Resolution
- Company type: Private
- Industry: Talent and Literary Agencies
- Founded: Los Angeles, California, USA (2013)
- Headquarters: Los Angeles, California New York City, New York Beijing, China
- Key people: Jeff Berg, Chairman and CEO David A. Unger, Agent
- Website: Resolution Talent & Literary Agency

= Resolution (talent agency) =

Talent and literary agency with headquarters in Los Angeles, California

Resolution was a talent and literary agency with headquarters in Los Angeles, California. It was formed by Jeff Berg, the former chairman of ICM Partners. Resolution represents artists including Lindsay Lohan, Roman Polanski, Molly Ringwald, David Duchovny, Gina Gershon, and Haley Joel Osment.
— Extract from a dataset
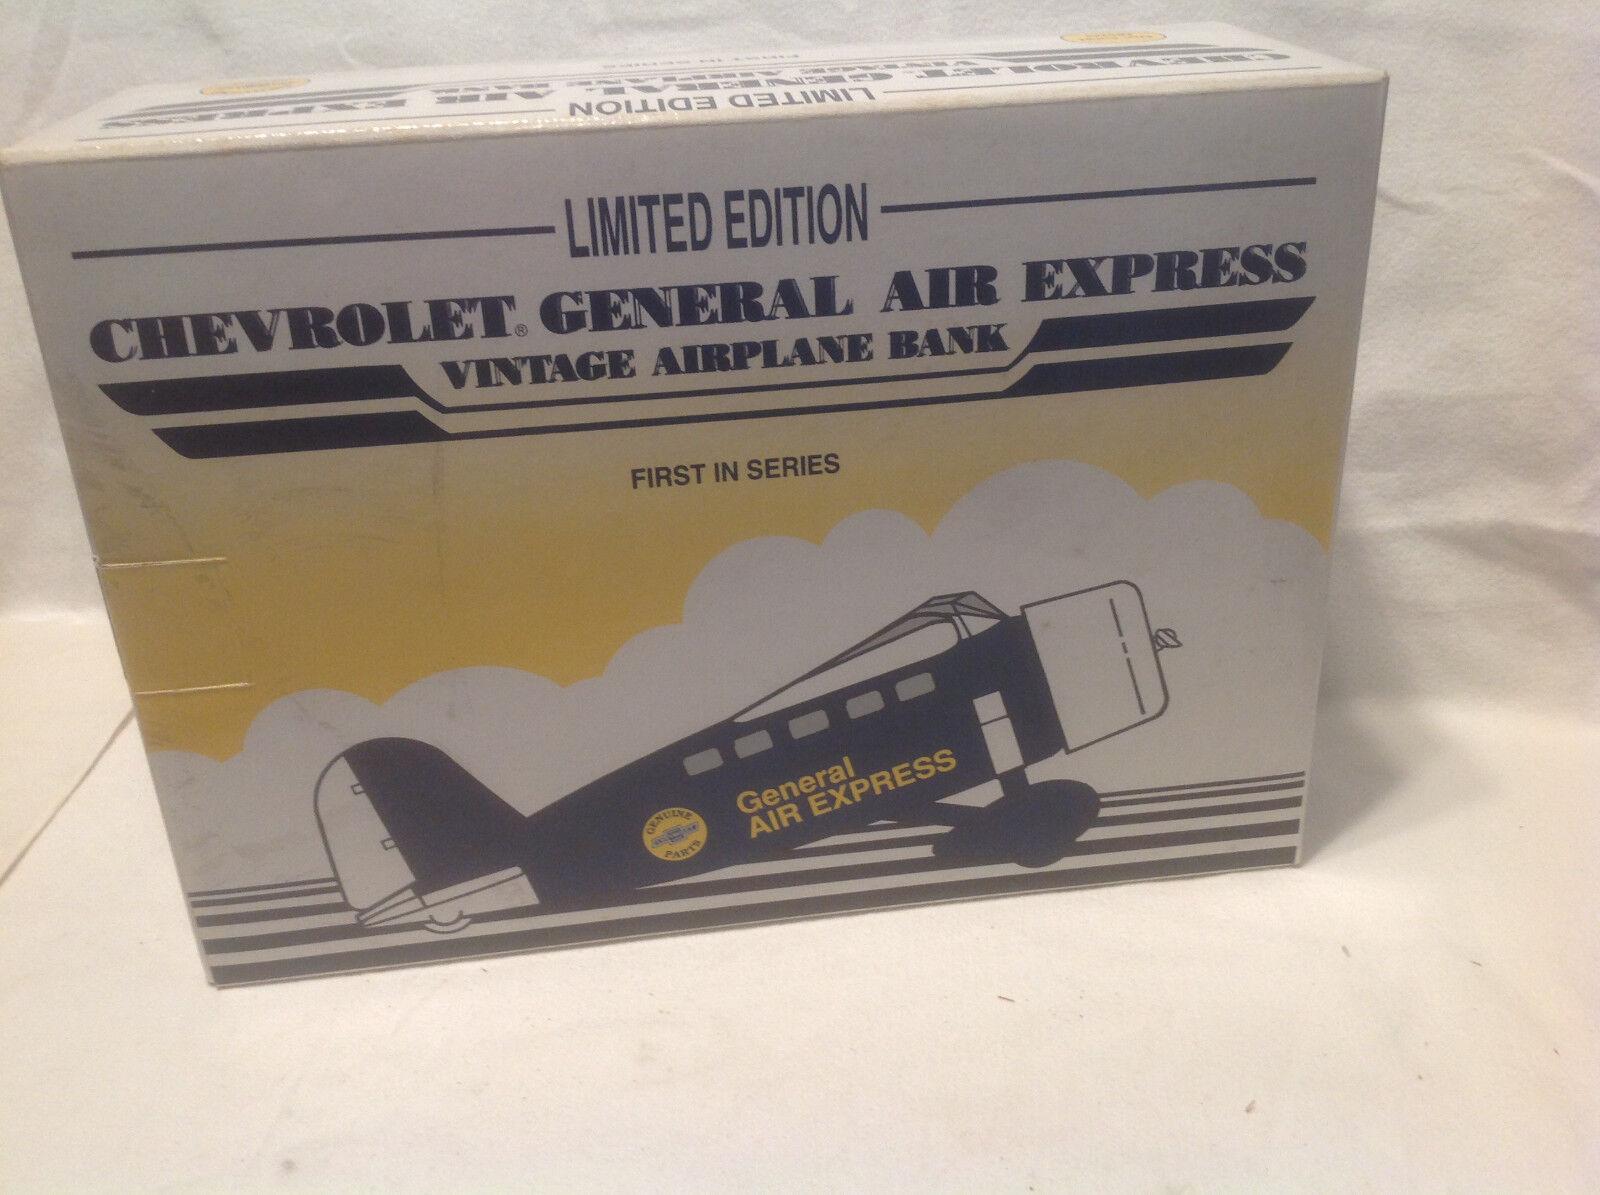 AIRPLANE CHEVROLET GENERAL AIR AIR AIR EXPRESS VINTAGE AIRPLANE BANK SPEC CAST 31bd82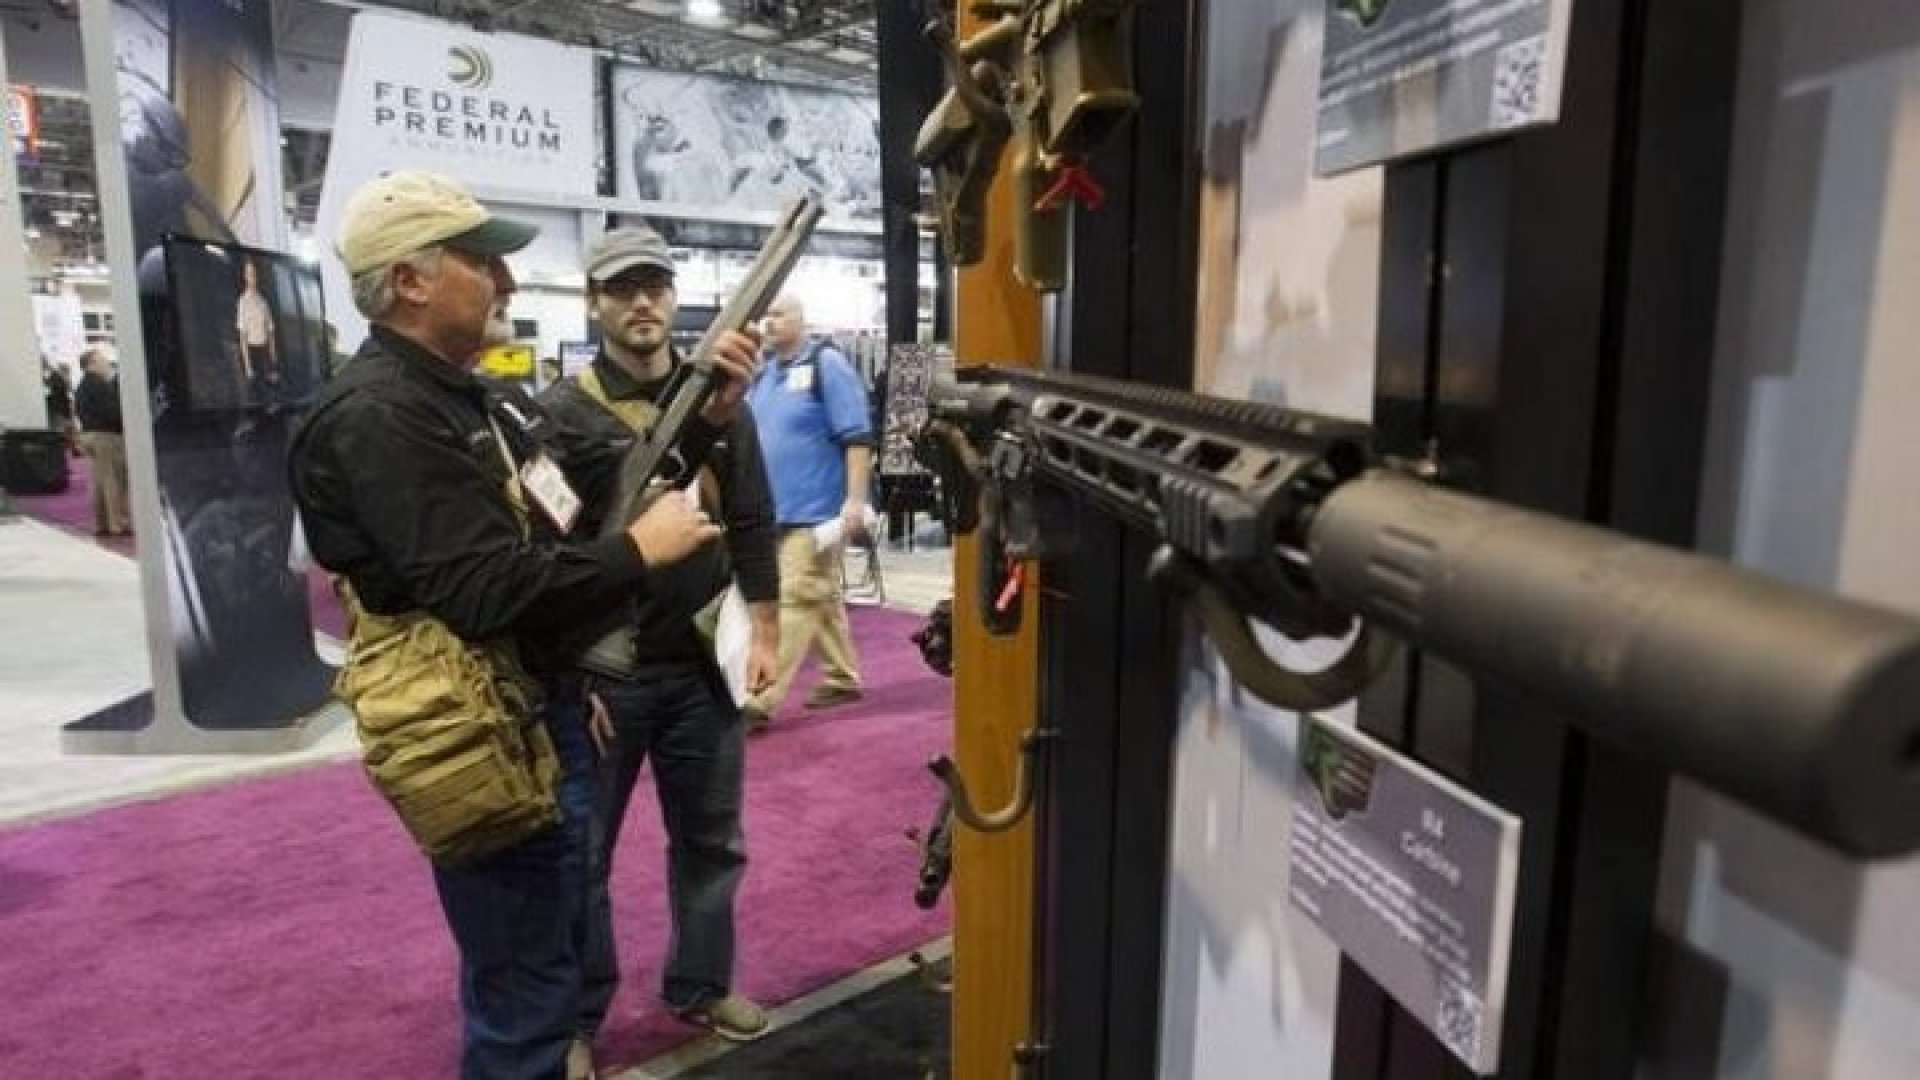 Remington Model 783 Scoped Sintetic Negru cal.: 30-06 sau 300 WinMag. cu luneta montata pe arma

As of 2014, the year it went out of business, Resolution was one of the ten largest agencies in the United States.

==Formation==
On January 28, 2013, Berg left ICM after the management buyout in October 2012, and opened Resolution. The new agency was capitalized with a $200 million investment from Jahm Najafi, a former Salomon Brothers banker active in private equity.

==Closure==
In March 2014, Bison Capital, a Chinese investment firm, made an investment in Resolution. During 2014, the agency saw the departure of several key agents. In October 2014, it was reported that Bison Capital had withdrawn its funding, and the agency would close down its operations.